Erik Voeten — Green Industrial Policy & Geopolitics of Investment in Critical Minerals and Batteries

Brown Watson Institute
Brown Watson InstituteApr 17, 2026

Why It Matters

China’s control of critical‑mineral and battery supply chains threatens Western energy security and industrial competitiveness; effective, credible policy is essential to diversify sources and sustain the global clean‑energy transition.

Key Takeaways

  • China dominates processing of 19 of 20 critical minerals globally.
  • Chinese battery production controls over 80% of anodes and cells.
  • U.S. Inflation Reduction Act ties EV credits to non‑Chinese supply chains.
  • Policy credibility and beneficiary distribution challenge Western industrial strategies.
  • Shifting supply to allied countries faces long timelines and political risk.

Summary

The video examines how China’s aggressive green industrial policy has secured dominance over critical‑mineral processing and battery manufacturing, raising strategic concerns for the United States and Europe. It outlines China’s control of 19 of the 20 most used critical minerals, its 82% share of global anode production, 84% of cell output, and roughly two‑thirds of EV battery assembly. Key data points include China’s near‑total grip on refining stages—especially graphite, rare earths, and lithium—and the weaponization risk demonstrated when Beijing imposed rare‑earth export bans. The speaker highlights the U.S. Inflation Reduction Act’s $7,500 EV tax credit, which mandates that a high‑percentage of the battery supply chain reside in the United States, North America, or countries with a free‑trade agreement, while excluding “foreign entities of concern,” chiefly Chinese firms. Illustrative anecdotes feature a Hyundai plant accused of funneling taxpayer benefits to Korean firms, a graphite producer’s “holding a wolf by the mouth” analogy, and congressional lobbying that steered IRA incentives toward Republican districts to secure political backing. These examples reveal how perceived foreign benefit erodes domestic support for industrial subsidies. The analysis concludes that Western attempts to replicate China’s model must overcome credibility—ensuring long‑term policy stability—and distribution challenges—selecting winners without alienating key constituencies. Successful re‑shoring will require coordinated incentives, reliable trade partners, and realistic timelines, lest the energy transition remain vulnerable to a single dominant supplier.

Original Description

The U.S. and Europe view China’s dominance in critical minerals and the battery supply chain as a security threat, which motivates increasingly aggressive coercive policies. Yet, can industrial policies help diversify global supply chains through incentives? We study this question in the context of the U.S. Inflation Reduction Act (IRA) of 2022, which offered incentives for battery manufacturers to reduce reliance on China and gave preferential treatment to countries with a Free Trade Agreement (FTA).

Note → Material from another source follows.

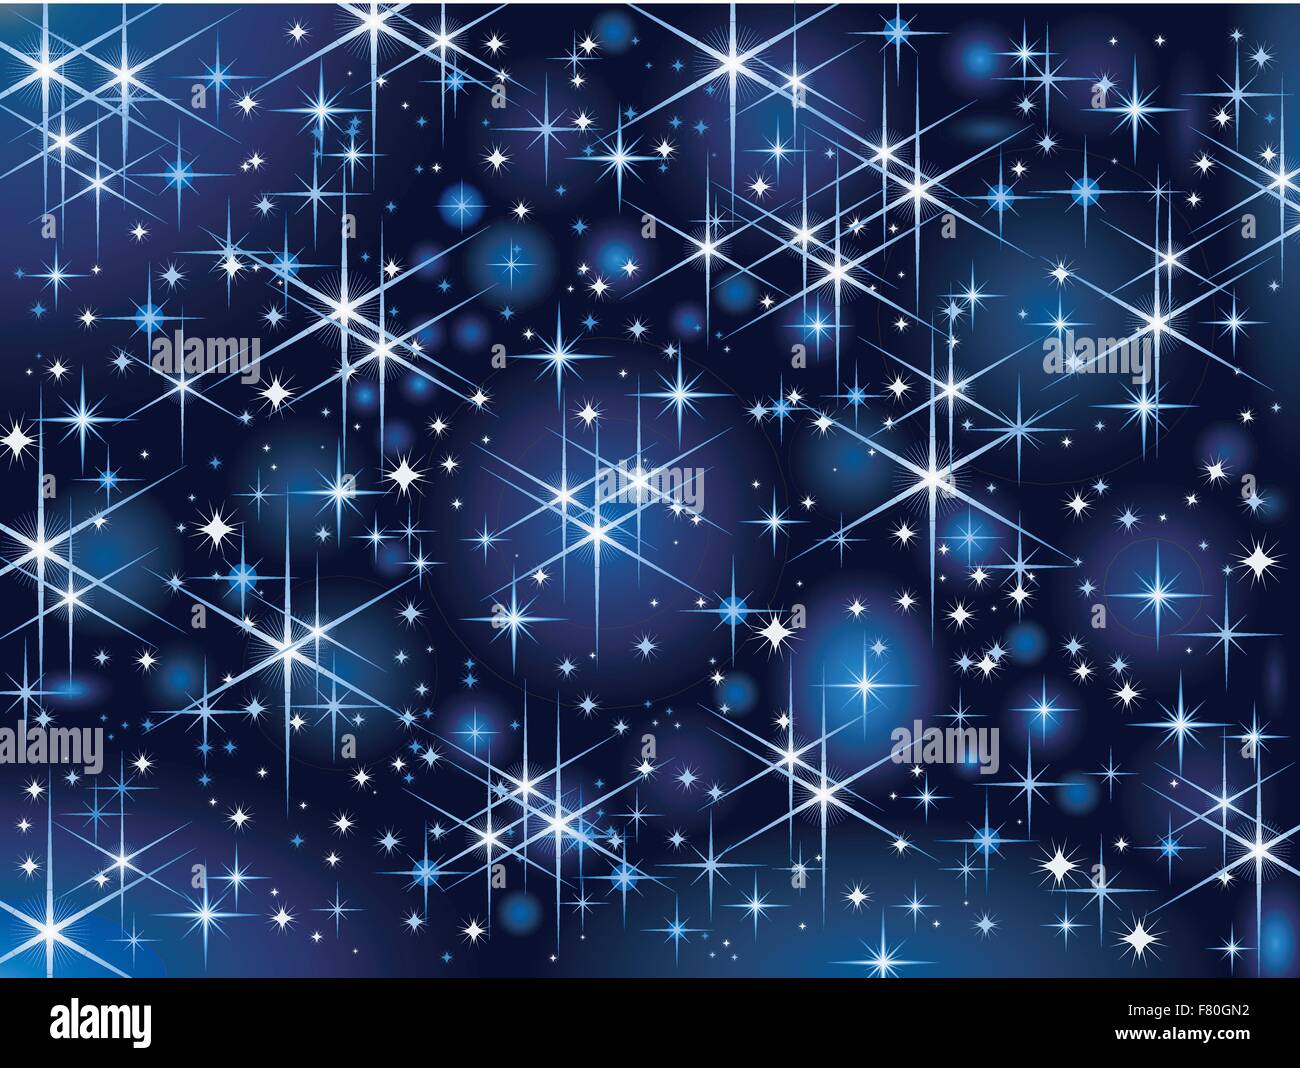 Starbright sky, Christmas sparkle Stock Vector
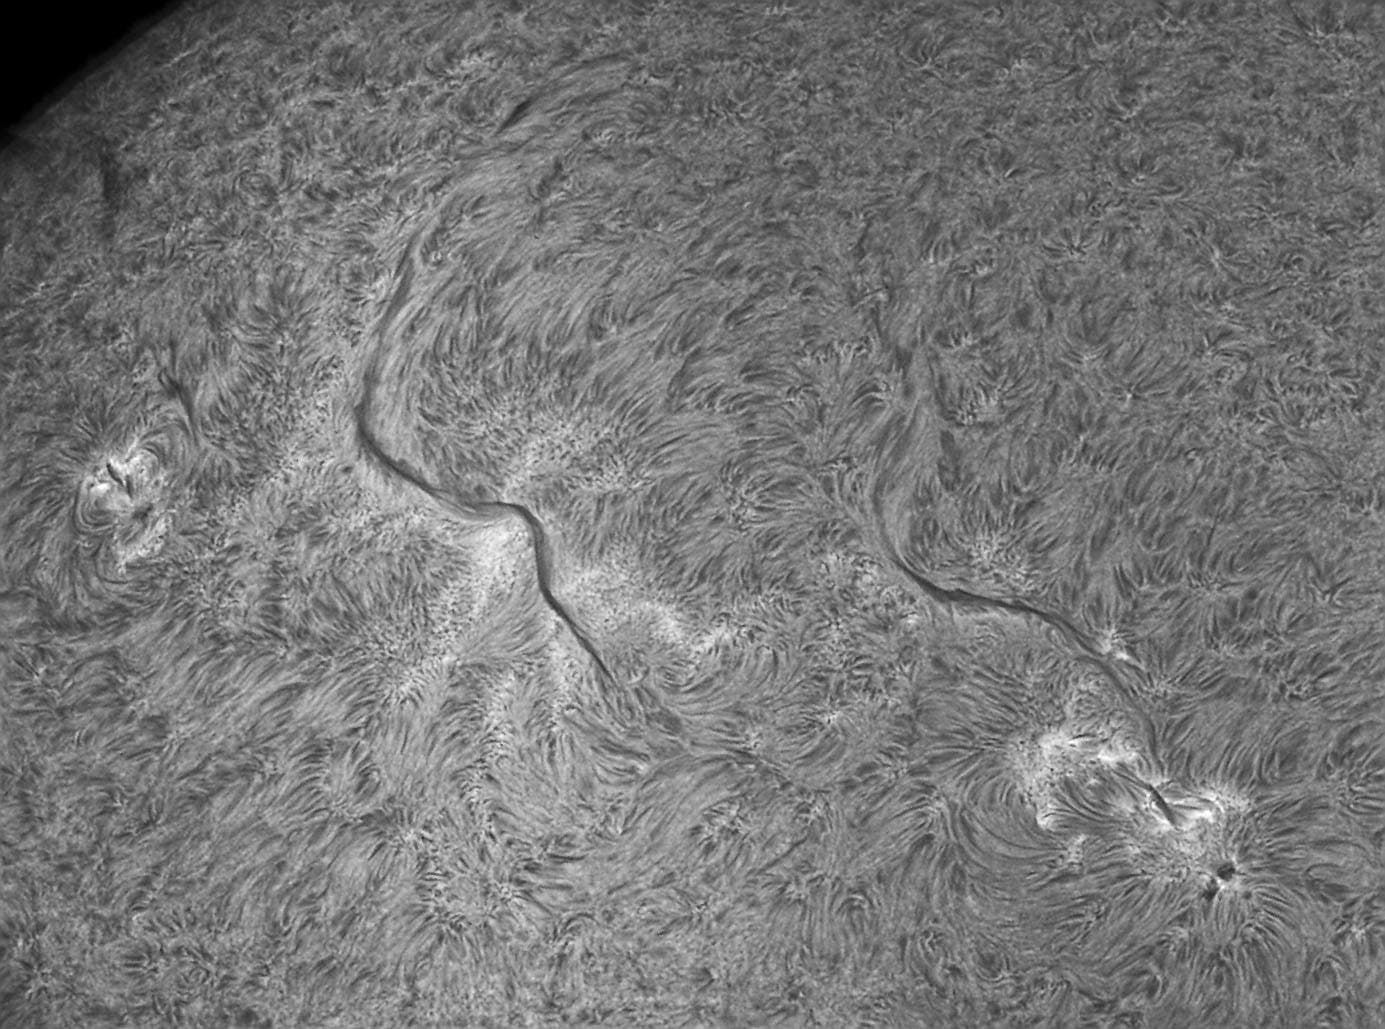 H-alpha-Sonne am 02.04.2012

We argue that industrial policies can be effective but that they face strong credibility and distributive challenges. We first use an event study to show that major Chinese battery manufacturers and critical mineral companies suffered significant negative abnormal returns compared to firms in FTA countries in the days following the surprise IRA announcement. A difference-in-differences analysis of data on greenfield and brownfield investments then shows that since the IRA took effect, FDI in countries with an IRA-compliant FTA have increased significantly compared to those geopolitical allies of the US without an FTA. This investment effect is statistically and substantively significant, and driven entirely by non-Chinese investors. However, the effect disappeared in the second half of 2024 when the election of President Trump, who vowed to dismantle the IRA, became more likely. These findings thus demonstrate both the potential and limits of industrial policy as a foreign policy tool.
Erik Voeten is the Peter F. Krogh Professor of Geopolitics and Justice in World Affairs at Georgetown University’s Edmund A. Walsh School of Foreign Service and Government Department. He is the director of the Mortara Center for International Studies. Professor Voeten’s research examines the role of international institutions and law in international affairs and, more recently, the political economy of the energy transition. He is a past editor of the academic journals International Organization and Research and Politics. He is one of the editors of the new site Good Authority and previously edited the Monkey Cage Washington Post blog. He teaches classes on international relations theory, international institutions, and statistical methods. His book, Ideology and International Institutions appeared with Princeton University Press in January 2021.